I understand you provide a method for that in IBM's Natural Conversation Framework.
Moore: We do. We recommend a method where there are six actions that the user can always take at any time to help navigate that conversation space.
- You can always ask [the AI agent], 'What can you do?' or 'What do you know?' In other words, you can always ask the system what its capabilities are and start a conversation with a system about its own capabilities. That's critical for exactly the reason that Raphael just said; you don't want people going down a path about movie times when this is a travel app and its capability is booking flights.
- You should always be able to ask the system, 'What did you say?' or 'Say that again.' -- especially if it's a voice interface, because, once the assistant says something [and you don't hear it], it's gone.
- You should always be able to ask the system, 'What do you mean?' and ask it to paraphrase what it said. [The AI agent] should be able to elaborate on what it said and what it's asking you to do, especially when it's giving you instructions.
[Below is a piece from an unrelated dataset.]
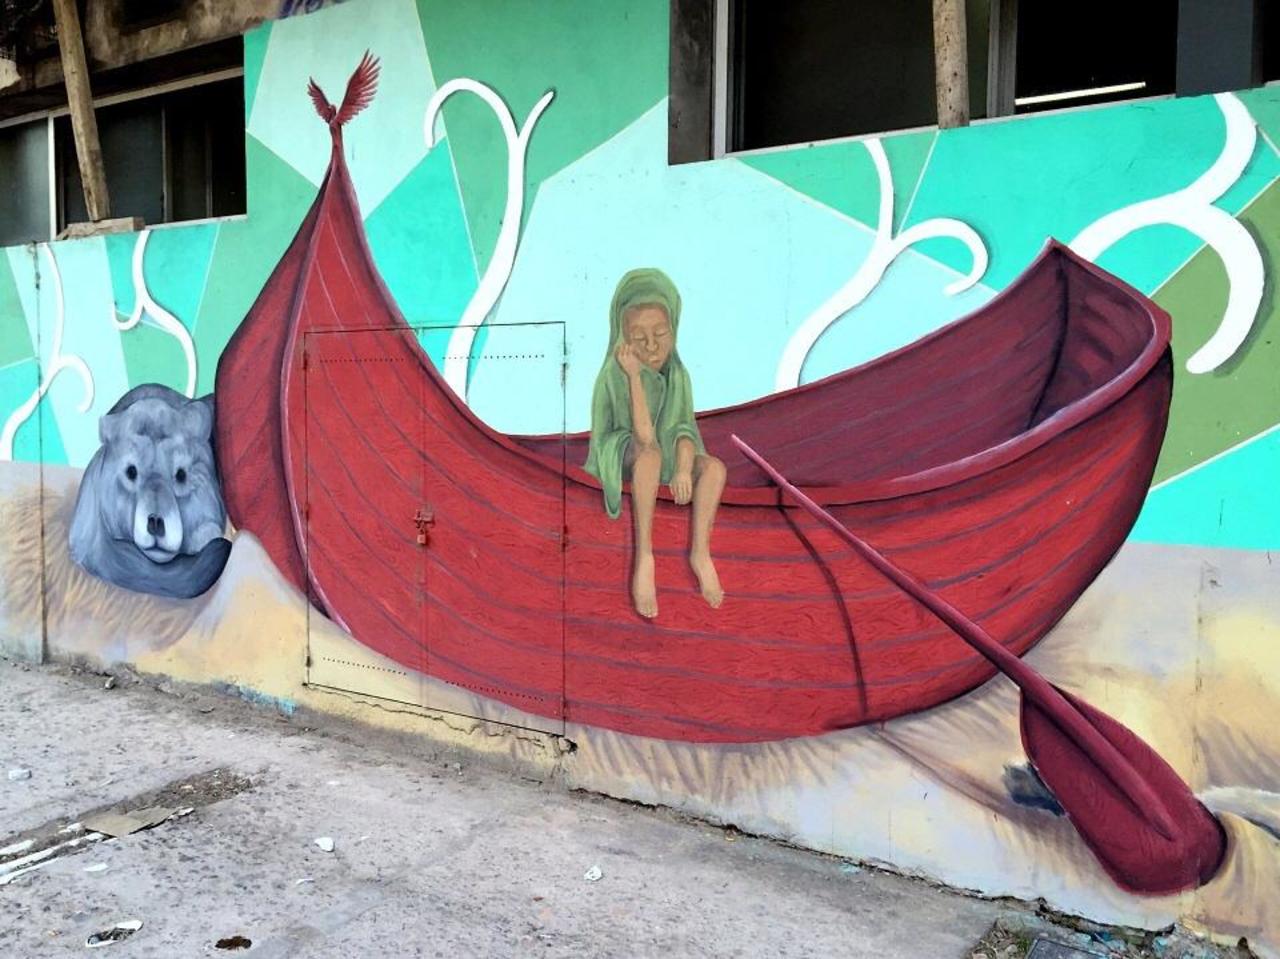 #Graffiti de hoy: << The shipwreck >> calle 22, 60y61 #LaPlata #Argentina #StreetArt #UrbanArt #ArteUrbano http://t.co/ilr4usvtKz

That's help at a local, turn-by-turn level.
- You should also be able to, at any time, say 'OK' or 'Thanks' and close down the current sequence to show that you're ready to move on.
- You should also be able to escape from a sequence or abort a sequence. For example, [if] I ask for movie times and [the AI agent] comes back with something that's the wrong answer, I could say, 'OK, thanks,' and close it and that means we're good. Or I could say, 'Nevermind' or 'Forget it,' and basically escape from that sequence. You should be able to do that anytime so you don't get stuck.
- You should always be able to say 'Goodbye' to end a conversation and show that you're done. That gives the system an opportunity to deal with last topics. If it wants to get your email address or if it wants you to, god forbid, take a survey or something like that, it gives closure. It's ending the session.
That's our recommendation for navigating [a conversational interface]. If we teach the user those things, which are completely built on what we naturally do in conversation, then, if they get lost in the conversation, they know how to get out of a sequence and how to get help for a sequence.